Supplied information:
§
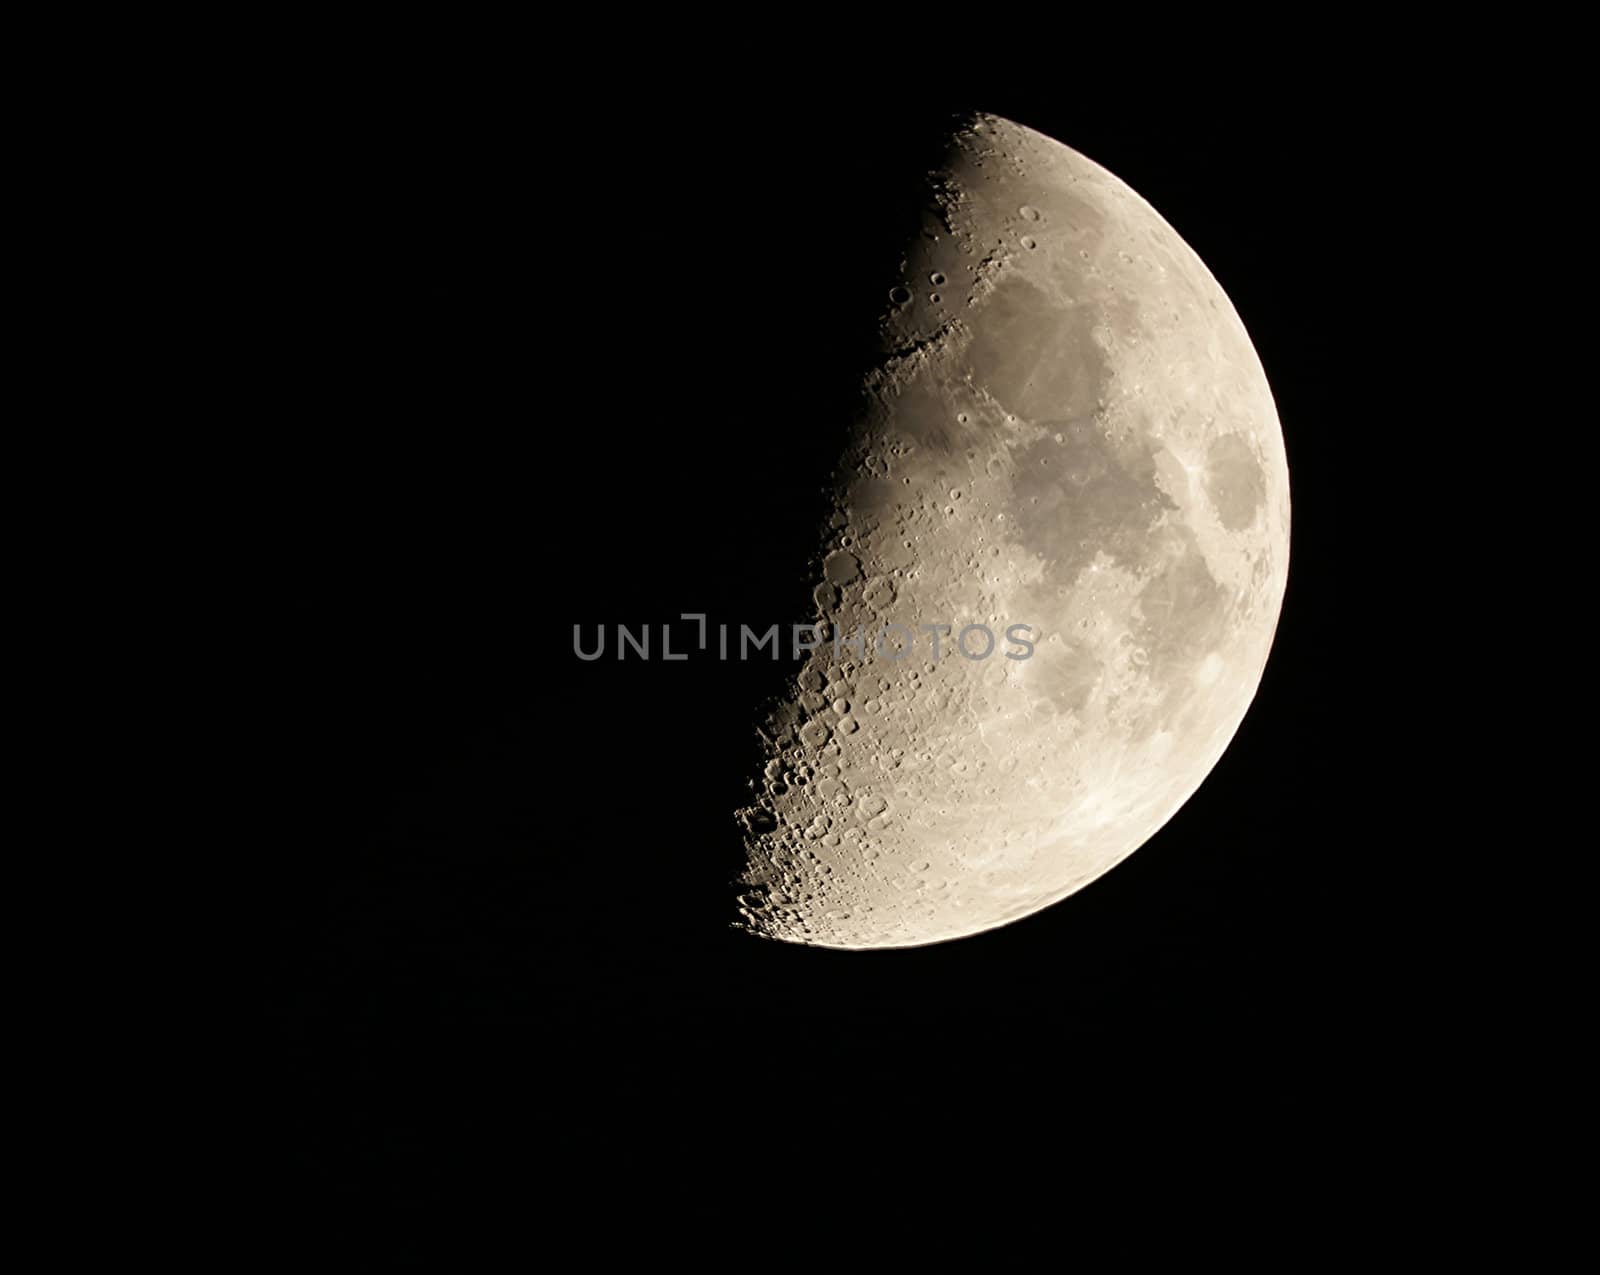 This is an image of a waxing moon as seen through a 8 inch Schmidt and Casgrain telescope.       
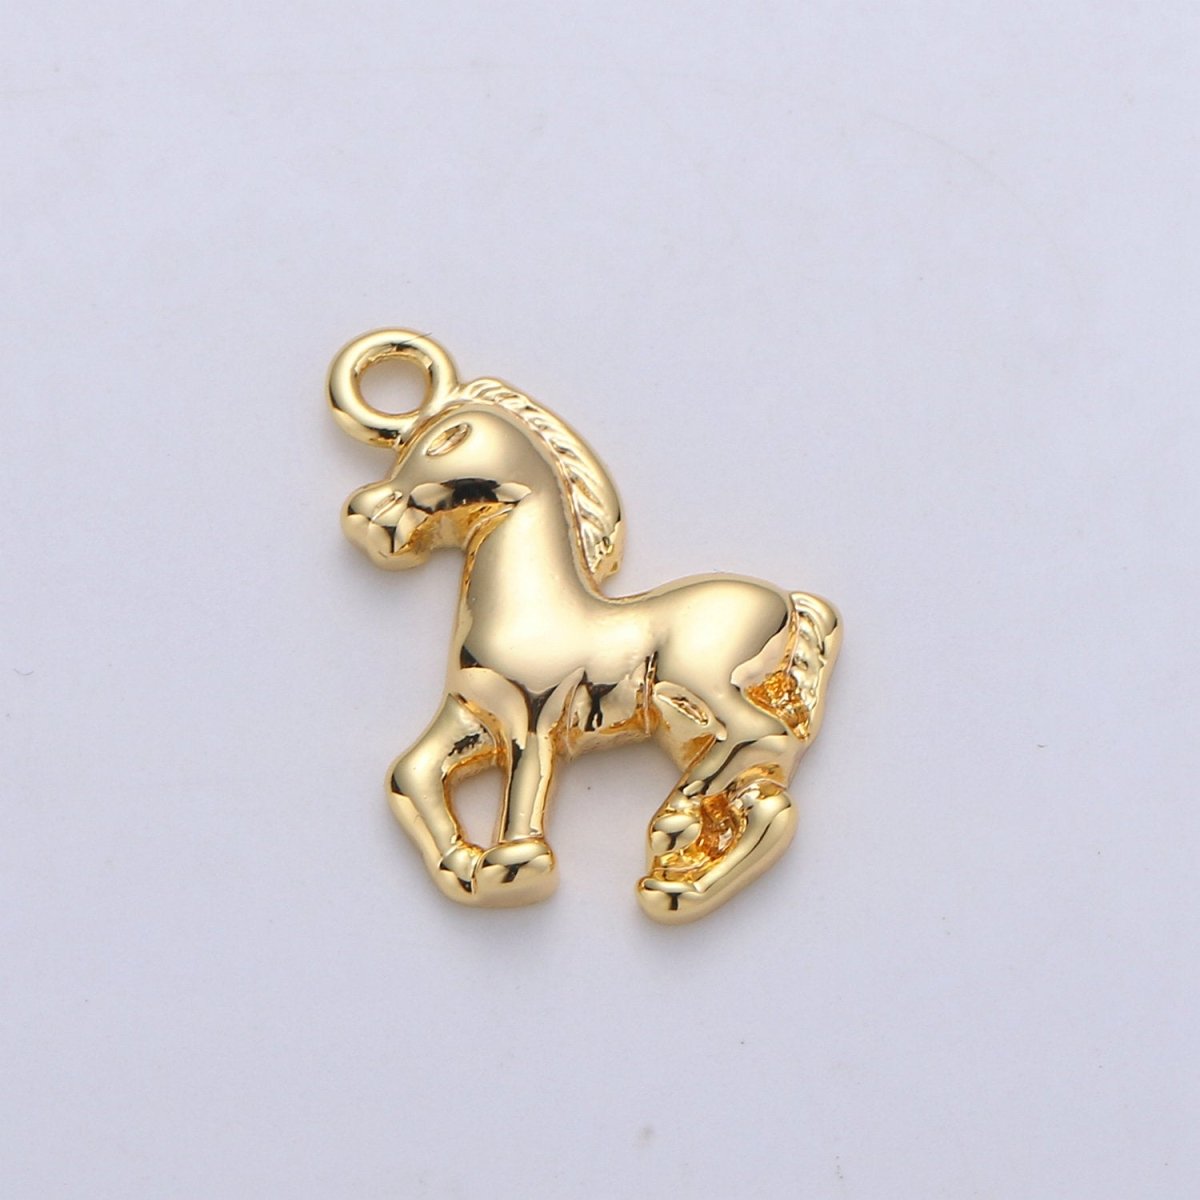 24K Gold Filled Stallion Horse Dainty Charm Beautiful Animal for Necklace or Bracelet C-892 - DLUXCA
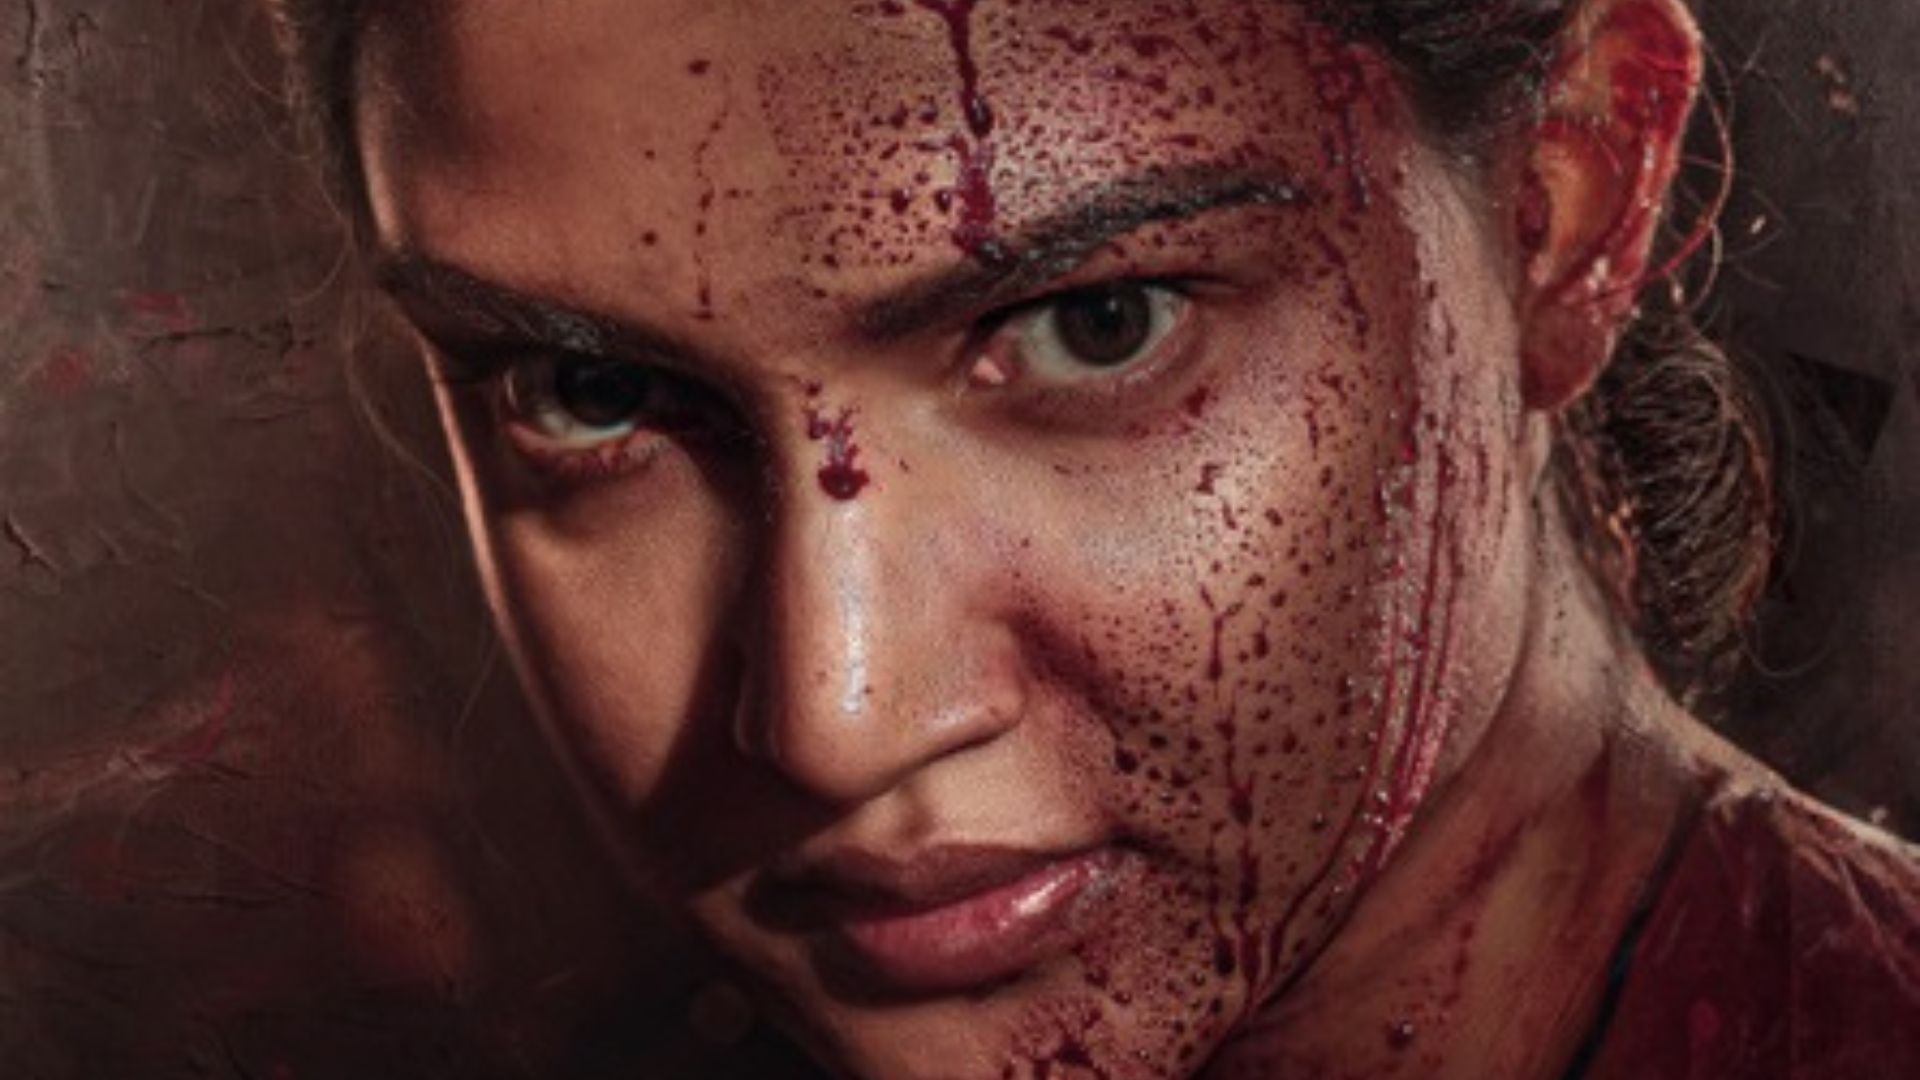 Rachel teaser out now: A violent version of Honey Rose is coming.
§
What you have to do: Every line above should be output exactly, except for the pictures.

Solution to this problem:
 This is an image of a waxing moon as seen through a 8 inch Schmidt and Casgrain telescope.       
 24K Gold Filled Stallion Horse Dainty Charm Beautiful Animal for Necklace or Bracelet C-892 - DLUXCA
 Rachel teaser out now: A violent version of Honey Rose is coming.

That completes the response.